While this was playing out in the academic/professional arena, the advertising industry including the "mainstream audiophile media" championed DSD and published all kinds of flowery words suggesting how it sounded "more natural", or "analogue-like" compared to PCM. While I don't think we can put an exact date on when DVD-Audio officially died as a viable commercial product, I think by 2005 it was quite clear that hi-res physical formats were not going to be mainstream and DVD-A did not have the number of titles available compared to SACD. My sense is that the hybrid-SACD feature with both DSD and CD-compatible layers was a major differentiating factor that has resulted in still a trickle of SACDs released these days.
I'm bring this stuff up now as an extension to the discussions around SoX-DSD and the Philips Test SACD articles last year during my series on the Topping D90SE review because I've been thinking about how best to standardize the DSD test signals I use when testing. Different DACs tend to handle DSD playback differently and I wanted to make sure that my test signal parameters are at least somewhat in line with the music encoded on an SACD or maybe DSD128 download these days.
In that previous article on SoX-DXD, I mentioned that I ran into some issues around signal instability with higher-order noise shaping settings when testing the Topping DX3 Pro V2. For example, I was unable to obtain a glitch-free DSD256 1kHz THD+N and had to drop the modulator down to a 5th-order setting while higher order noise shaping still worked well enough for DSD64/128 testing.
While not spoken of among audiophiles or in the mainstream press, once you start playing around with DSD encoding, you realize that there are intricacies to the modulation system to be mindful of. We are no longer dealing with a digital system that treats each sample as a amplitude level like the 65,536 possibilities of a 16-bit PCM sample digitized tens of thousands of times per second, and tracing out these levels to show a facsimile of the audio waveform. Rather, we have to think about the sound encoding as signal "density" over time consisting of numerous single bits of '1' (up) and '0' (down) values digitized over millions of times per second - the "average" of which determines the "modulation index" and the eventual analogue output level from your DAC.
|Typical illustration of PCM vs. DSD from Wiki. Note that in good PCM playback, unless specifically NOS, we do not see stair-stepped quantization levels like this in the analogue output; I understand what they're trying to convey here though as a discussion on the nature of the digital data.|
While we've talked over the years about DSD noise and how that might limit audio fidelity, we have not addressed another issue specifically which is the peak level in a DSD stream. The formal specifications for SACD/DSD64 are the "Scarlet Book" specs which we can examine on Internet Archive. If we look at the file "SACDspecP2audio_200 contents.pdf", in Annex D we can see how Sony/Philips specified SACD/DSD64 peak levels:
D.1 is a reference to filtering for the noise which we've talked about before; particularly with DSD64 and a recommendation to apply low-pass filtering around 50kHz.
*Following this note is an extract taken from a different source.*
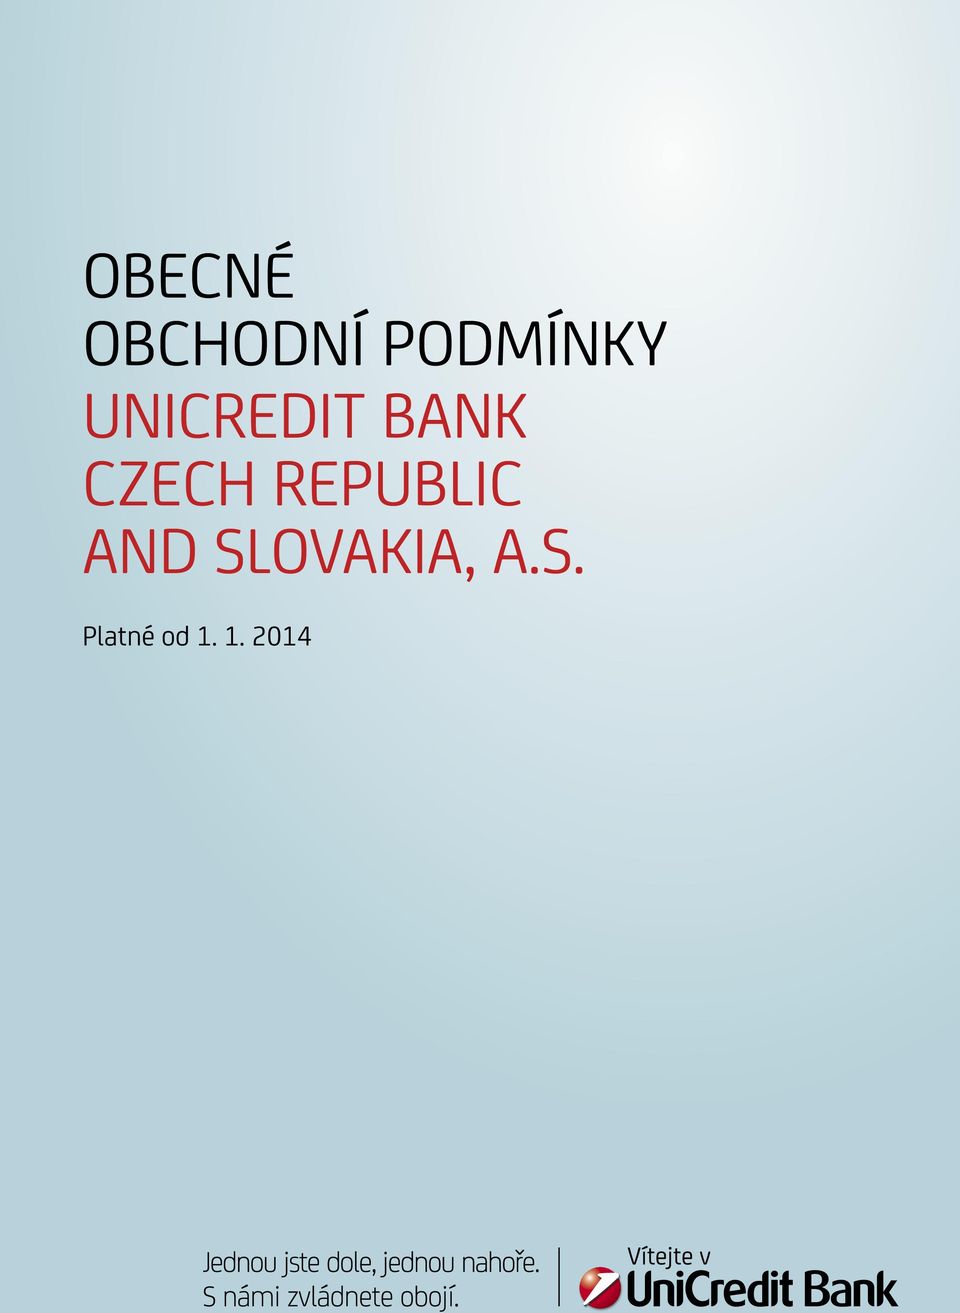 CZECH REPUBLIC AND

D.2 tells us that "SACD 0dB" (let's call it 0dBDSD) = 50% peak amplitude of theoretical maximum DSD signal level. If we think about this in the PCM world, this would correlate to -6dBFS.
D.3.1 then is important because it tells us specifically how they defined maximum "density" of bits allowed; the maximum modulation level. Notice that they're looking at 28-bit chunks of the DSD bitstream and officially within any of these chunks, there cannot be ≥ 24 or ≤ 4 "1's" within these consecutive bits or a Peak Modulation Level of 20/28 (71.43%). From 0dBDSD at 50% modulation to the maximum 71.43% is +3.1dB. Peak signal levels therefore "cannot" officially go beyond +3.1dBDSD or the equivalent of -2.9dBFS in the PCM world. Beyond this peak limit, "there be dragons" in the form of potentially higher distortions in the form of modulator overload from DAC playback.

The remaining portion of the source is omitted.